Scale’s core business involves manually labelling the data that is used to train advanced AI models to ensure it is accurate.
Wang has forged relationships with Silicon Valley’s biggest investors and technologists, including OpenAI’s Sam Altman, and has positioned Scale to serve companies developing autonomous vehicles and more recently those building generative AI models.
But his talents lie in promoting the company rather than managing its staff or furthering AI research, according to multiple people who have worked with him.
Jason Droege, who joined Scale from Uber Eats less than a year ago, is expected to step up from chief strategy officer to chief executive, according to a person with knowledge of the matter.
The fate of Scale’s remaining employees is less clear.
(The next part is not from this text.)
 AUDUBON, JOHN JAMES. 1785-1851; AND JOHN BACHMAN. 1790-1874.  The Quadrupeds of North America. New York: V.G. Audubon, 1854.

Wang recently spoke about his desire to take Scale public, but the potential deal with Meta casts uncertainty over that goal.
Scale has been attempting to broaden its revenue sources following investor concern about its concentrated services, according to one person with knowledge of the matter. The group has increasingly focused on building custom applications for enterprises and bidding for government contracts.
Last year, Microsoft paid $650mn to hire Inflection boss Mustafa Suleyman and his top lieutenants, and to license the start-up’s technology. Google also paid $2.7bn for a similar arrangement with Character AI.
The bespoke structures used by the Big Tech groups are partly designed to avoid probes from regulators, according to people with knowledge of the deals. But both Google and Microsoft have nonetheless faced scrutiny from antitrust enforcers.